On February 18, 1975, Co-Build filed with the bankruptcy court for the Eastern District of Pennsylvania a Petition for Arrangement under Chapter XI of the Bankruptcy Act. 11 U.S.C. § 701 et seq. That same day, Richard I. Rubin was appointed as receiver. On March 14, 1975, Rubin, Trafton and Bressi commenced an adversary proceeding against VIRCO pursuant to Chapter XI Rule 11-61(a)(1) seeking specific performance of the above-mentioned contracts and an order restraining VIRCO from purchasing certain other properties. The Bankruptcy Judge, without notice to VIRCO, granted the restraining order and preliminarily enjoined it from purchasing those certain other properties.

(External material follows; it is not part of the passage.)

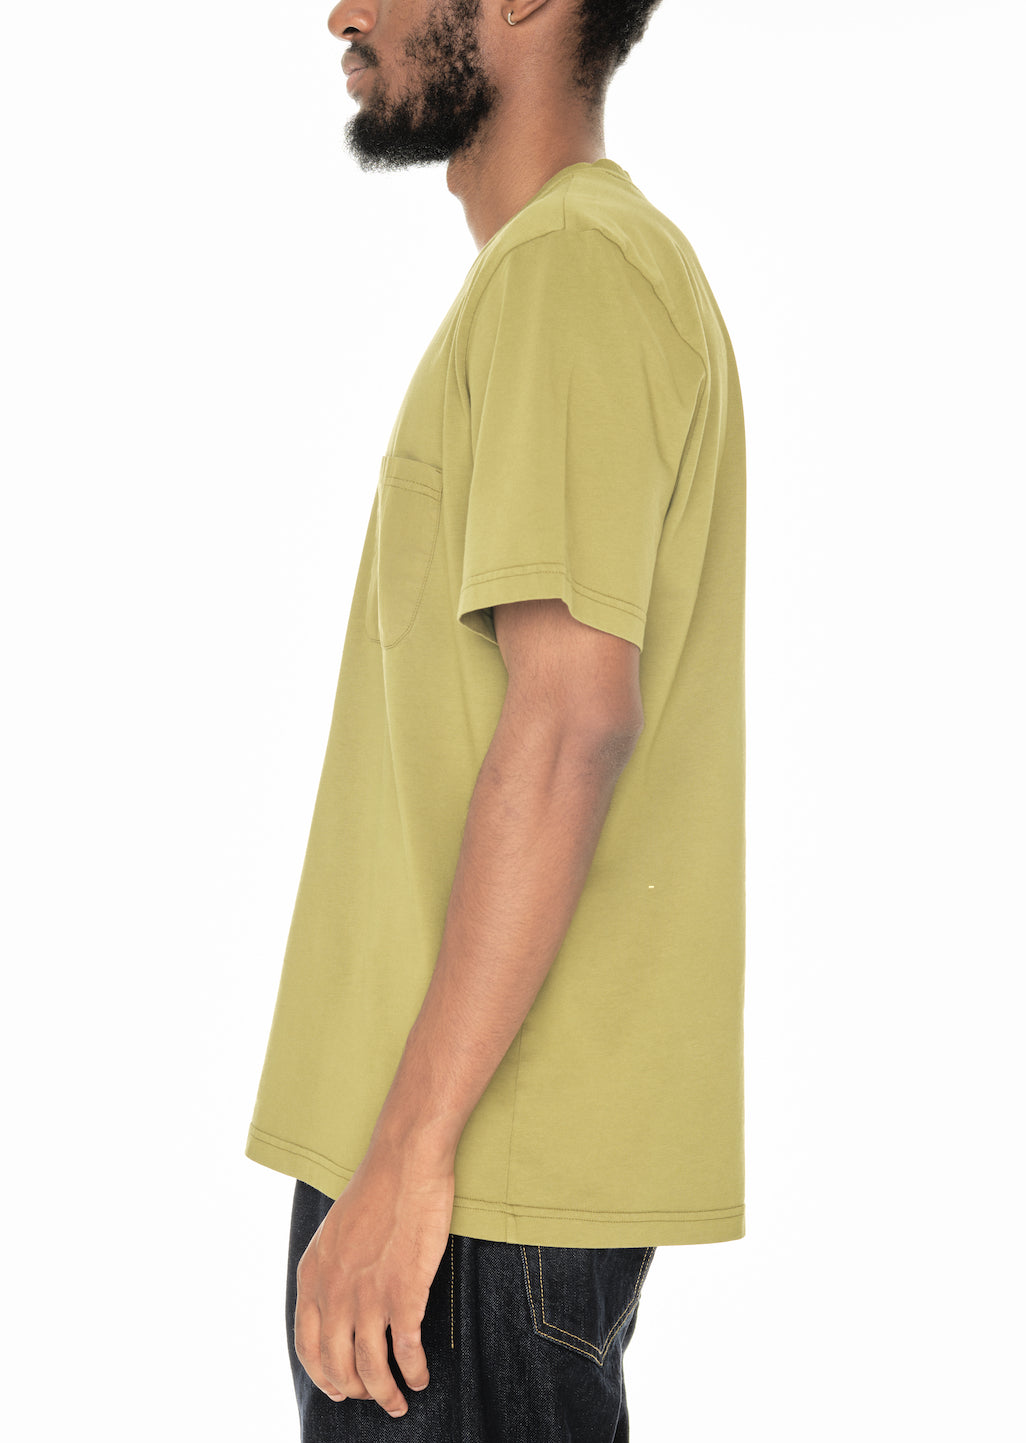 Woven Pocket T-Shirt in Khaki

On April 3, 1975, counsel for VIRCO made a special appearance before the bankruptcy court asking it to lift the March 14 preliminary injunction. At that time, VIRCO also filed a “Motion to Dismiss Complaint” for lack of subject matter jurisdiction and in personam jurisdiction, and a “Motion to Dismiss or Transfer Debtor’s Chapter XI Proceedings and Adversary Proceedings Pursuant to Rule 11-61” for want of proper venue. After a hearing, the Bankruptcy Judge vacated the preliminary injunction. That afternoon, counsel for Rubin, Trafton and Bressi appeared again before the Bankruptcy Judge seeking a temporary restraining order to prevent VIRCO from purchasing the same properties that had been the subject of the vacated preliminary injunction. The Bankruptcy Judge granted the motion, apparently basing his decision upon submitted affidavits alleging that, if VIRCO was allowed to purchase other properties, it would be financially unable to perform its alleged contractual obligations as set forth in the complaint filed in the adversary proceedings.

On April 9, 1975, special counsel for the receiver appeared before the Bankruptcy Judge and moved for the entry of an order enjoining VIRCO from proceeding in any manner with the Virgin Islands Action. The motion was granted. On April 16, 1975, upon application by special counsel to the receiver, the Bankruptcy Judge further ordered VIRCO to withdraw its outstanding motion in the Virgin Islands Action to compel answers to interrogatories and to compel production of documents. Said stay orders were to remain in effect until the bankruptcy court determined the issue of jurisdiction raised by VIRCO in its response to the complaint filed by Co-Build in the *720 adversary proceeding. To date, the bankrüptcy court has not ruled on that issue. This appeal followed.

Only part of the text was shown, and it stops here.